# Cypriano de Rore versus Adrian Willaert tuff one hey ?



## deprofundis (Apr 25, 2014)

Ockay i think these guys are '' same shoes size'' first of all , thus said & thus meaning in the same league none is greater than the other but i will says the following please listen.

Adrian Willaert works i have on singers pur 3 cd box set of willaert is highly incredible but De Rore seem more melodic straight foward , Willaert seem more dissonant...

Ishe so guess what im leaving the room and i coward on this question to be or not to be, un flamand vous le dirraient'' a flemish would says so?

Im looking for Flemish eminent musicologist succesor of herreveghe please sir rest in peace, i feel guilty for criticizing your gesualdo work of tenebrae responsoria but your lastest rendition of madrigals was interresting, hey i have honnor and dont wont to bash a dead man , i still have a soul and harness good karma these days , well amen to this thee profundis.
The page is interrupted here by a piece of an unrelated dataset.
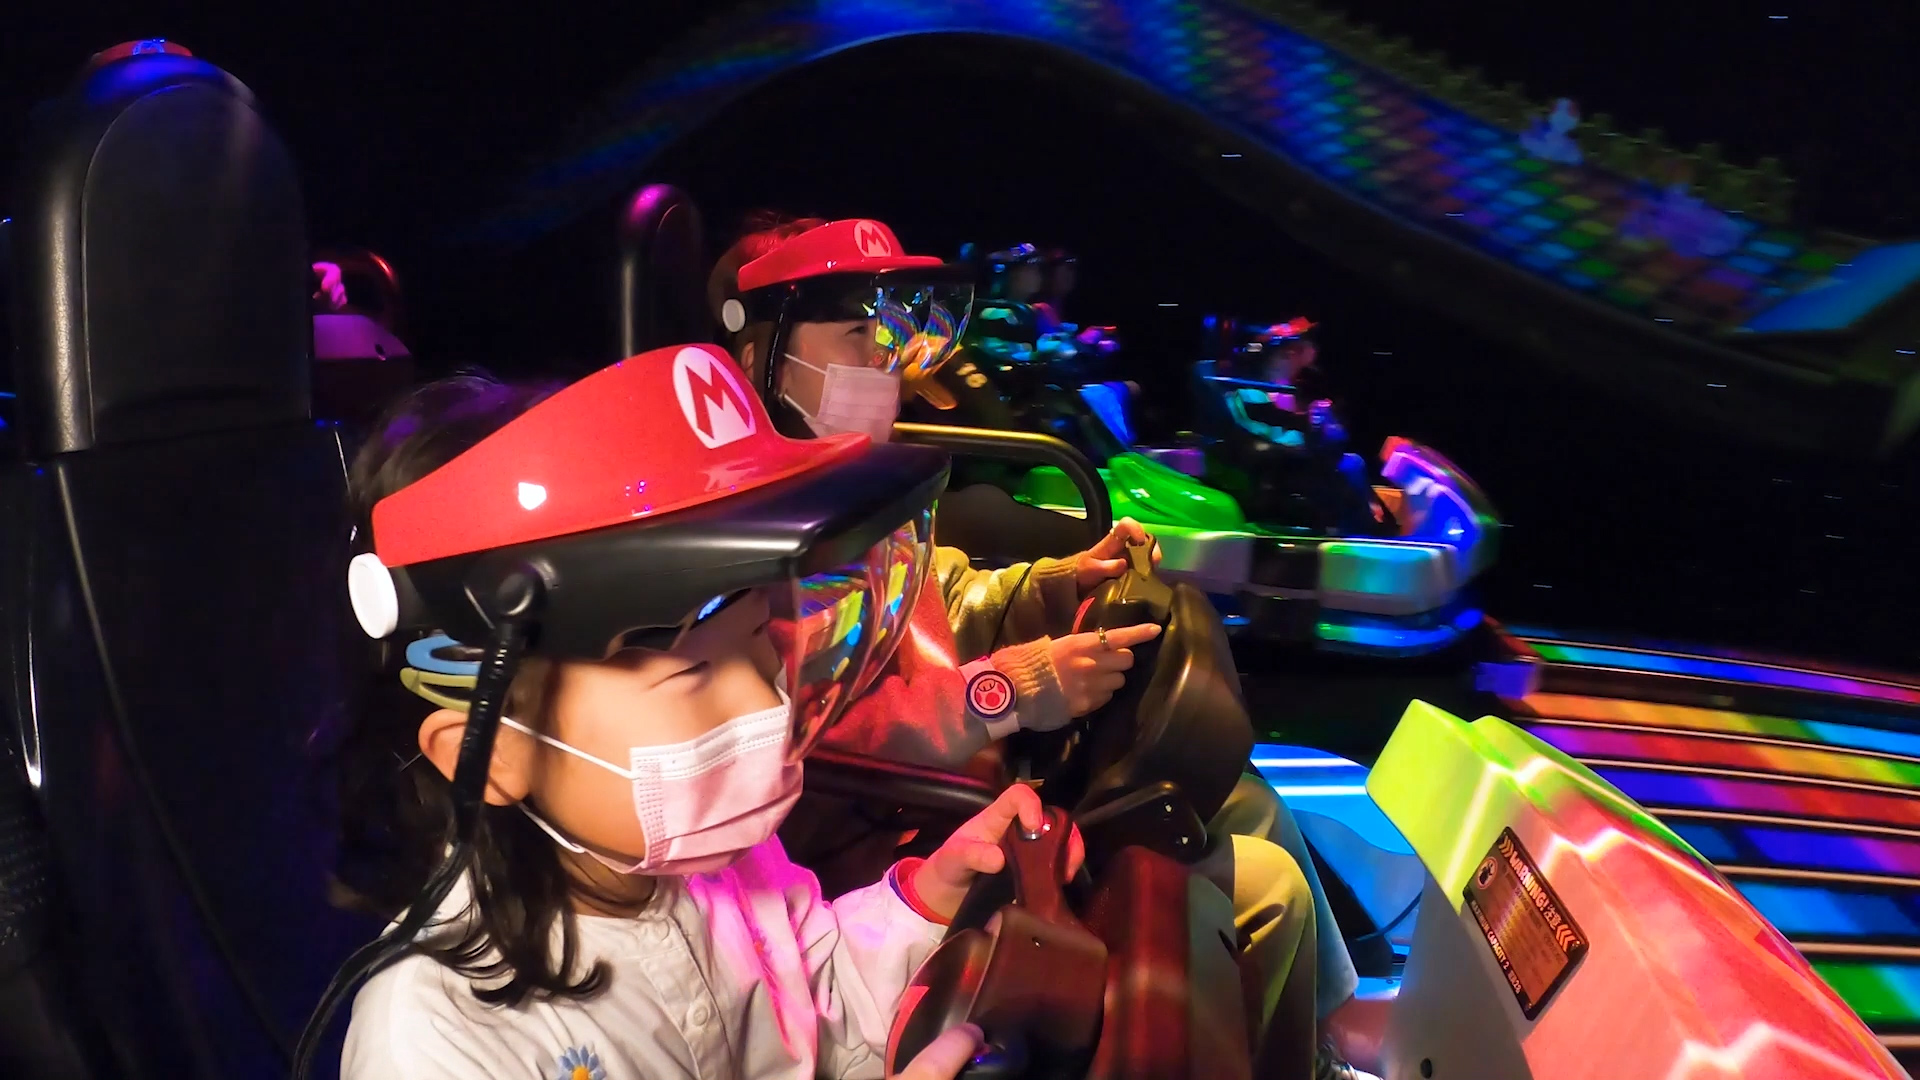 Ride Review: Mario Kart in Super Nintendo World - Disney Tourist Blog

:tiphat: i saluted and honor the mighty skill of the flemish master, has a flemish pope :tiphat: of polyphony(sorry i had to end this post this silly, but it all about entertainement , i dont wont the reader to get borred out of respect, i wont to trown in some depth and pertinance hmm. yep end of the story.
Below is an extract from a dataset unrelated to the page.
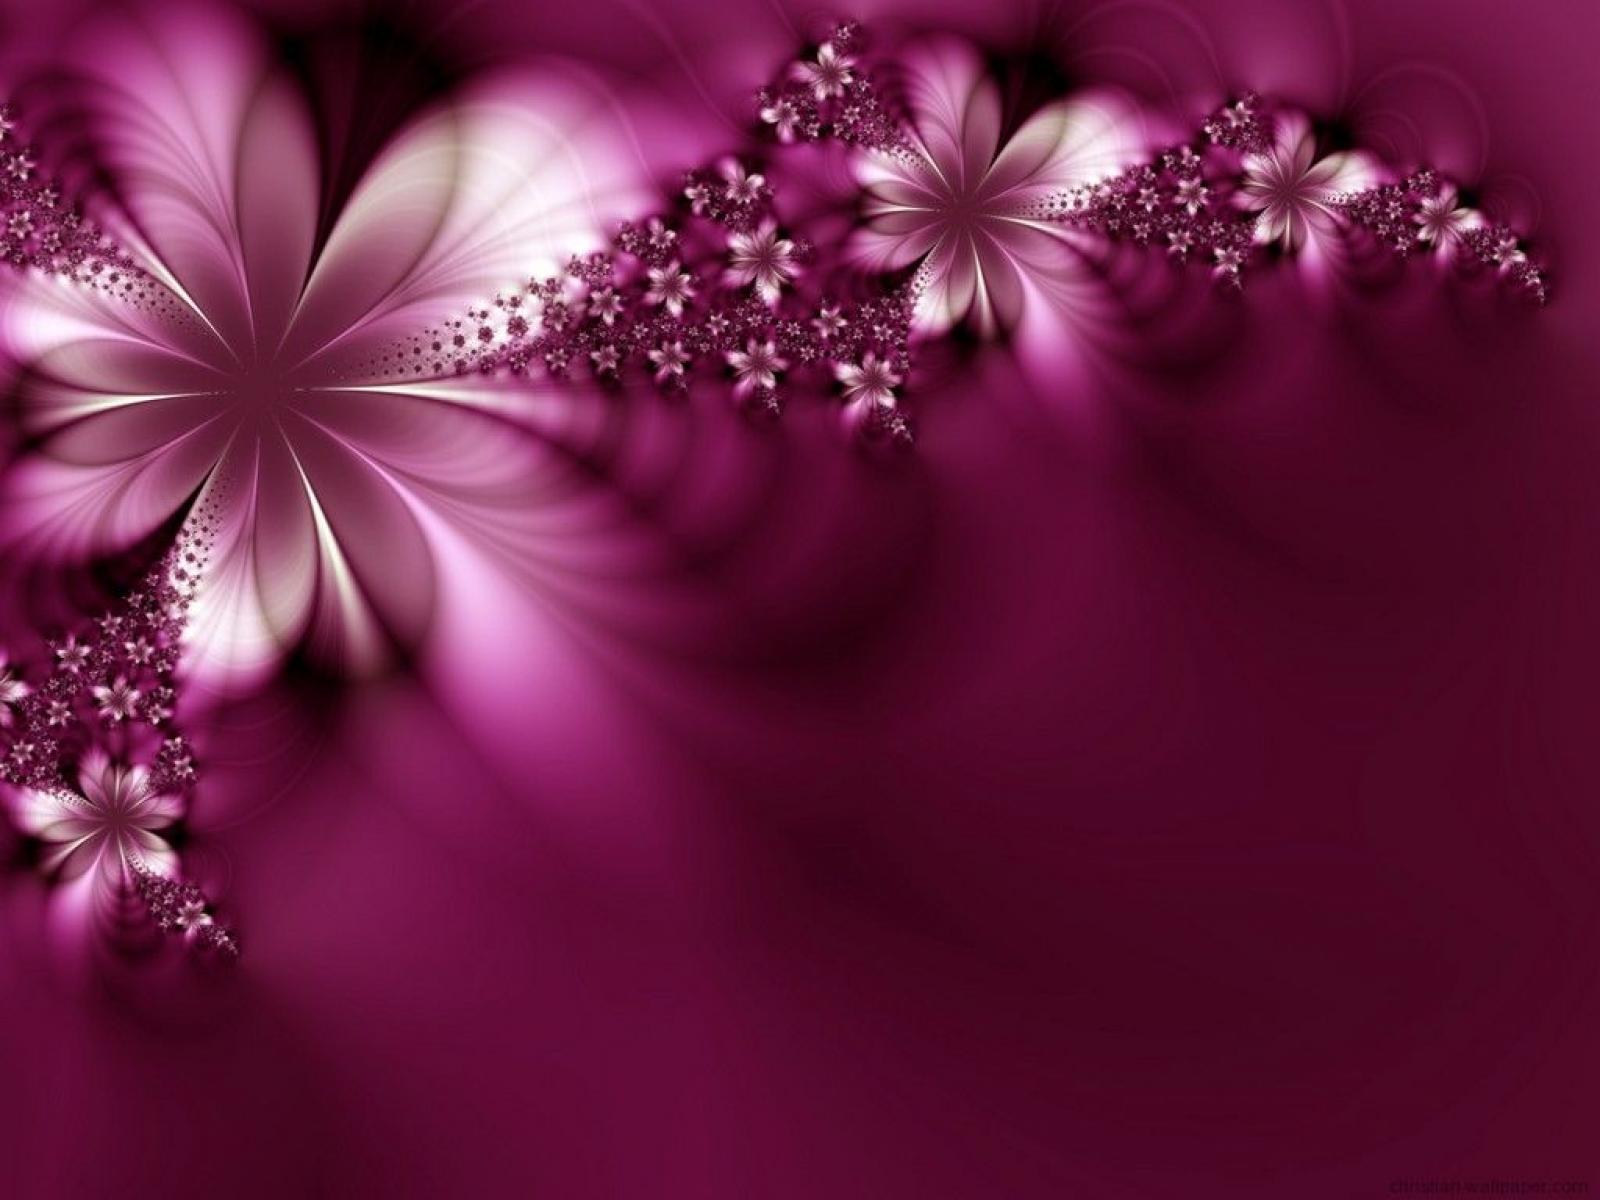 Purple Flowers Background Image 6 HD Wallpapercom

I salute Talk classical Staff, heart and soul of flander artform of renaissance franco-flemish and i hail em , but this you allready know, music is food for the mind, and i happen to enjoy belgium complete meal, belgie l, benelux country .

p.s it all i would like to had one of my best friend of childhood i know since elementary school is a belgian a flemish dude half algerian, he a cool dude , some might says he is a nerd, but i happen to like nerds if nerds mean intellectuals.
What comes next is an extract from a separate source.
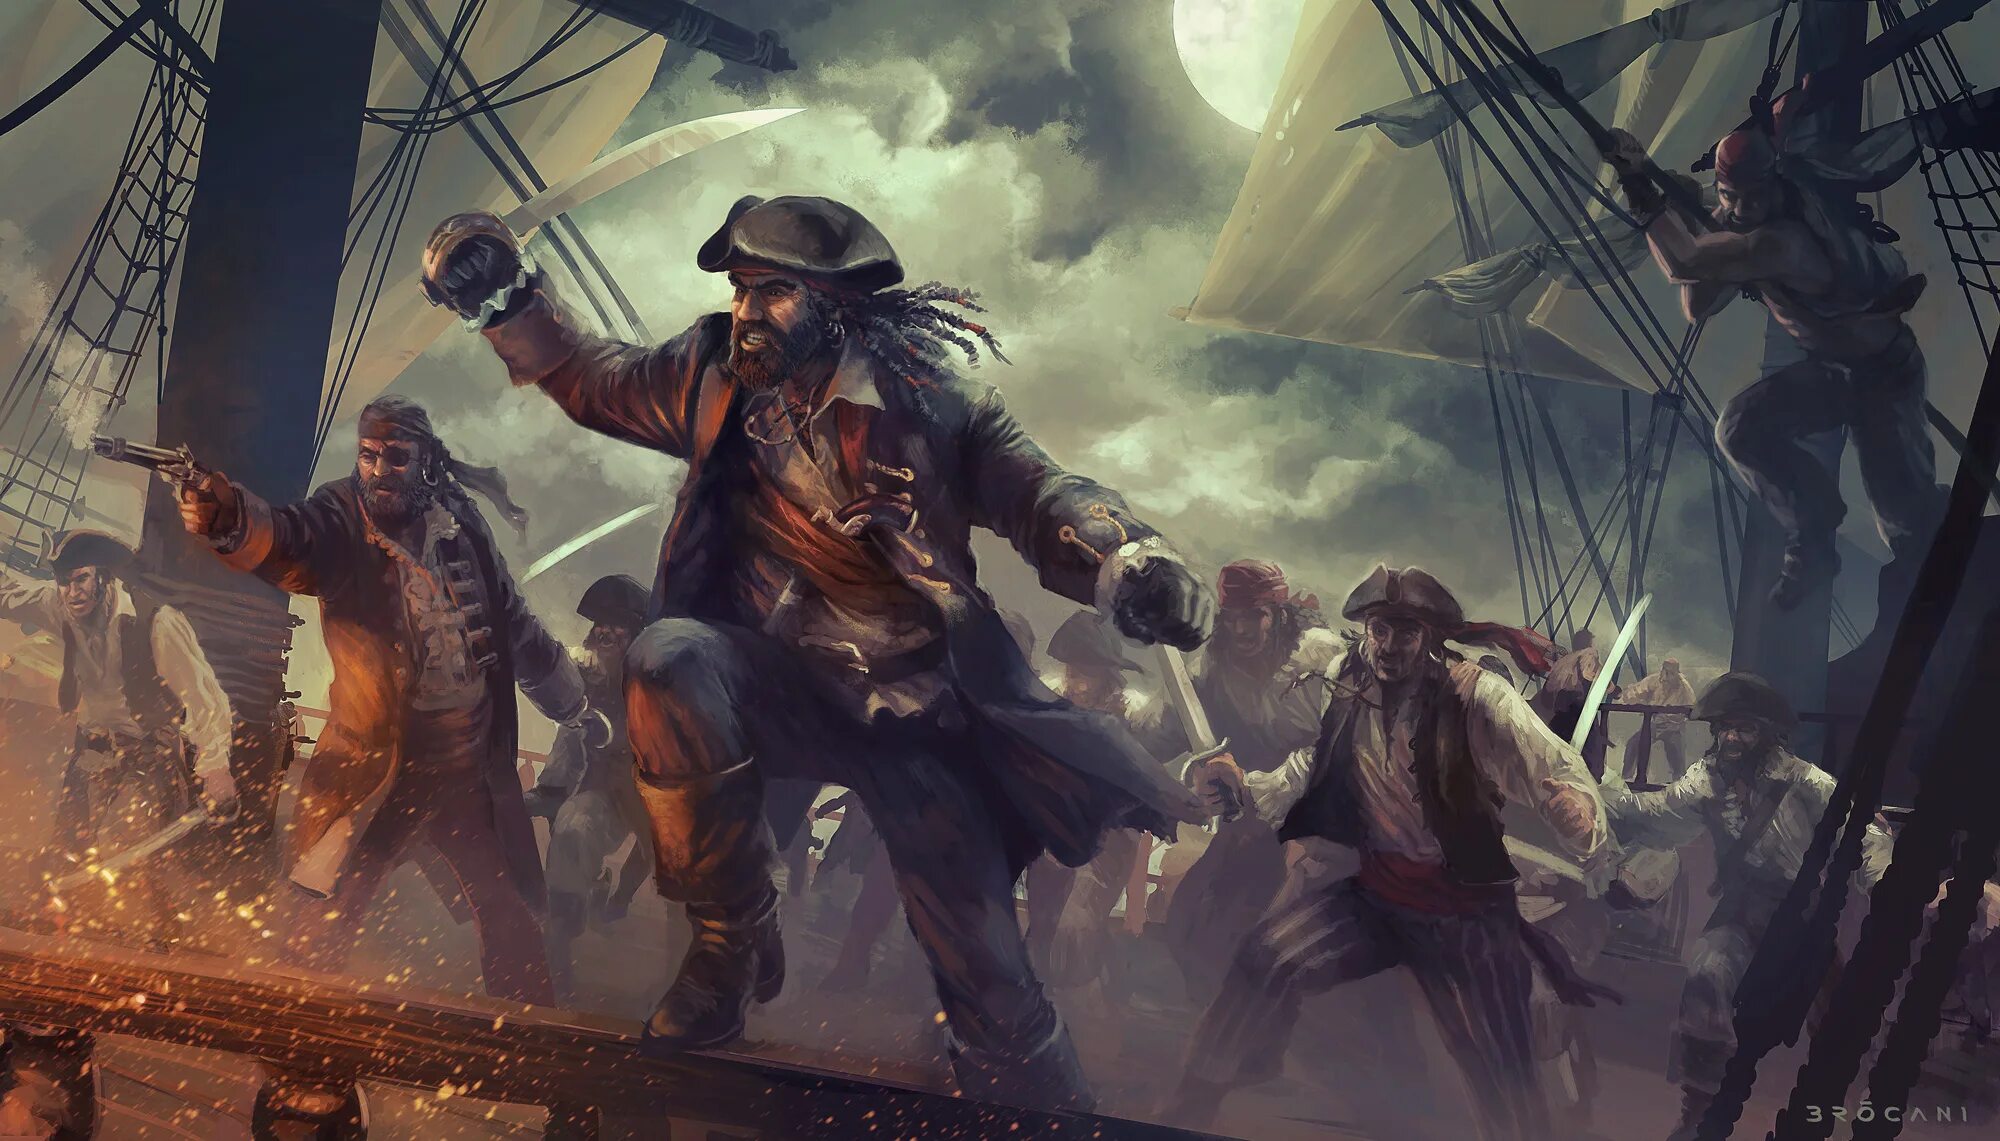 Команды капитана корабля. Флибустьеры 17 века. Пираты Карибского моря абордаж. Капитан Блад абордаж.

Have a nice day friends , follower, friendly stranger of talk classical, benevolant op ect


----------



## Mandryka (Feb 22, 2013)

Very stimulating in depth review of Graindelavoix's da Rore CD here






Re Willaert, I got recently a concert recording of a Willaert concert by Ensemble Weser Renaissance, I thought it was fabulous, let me know if you want me to upload it for you.


----------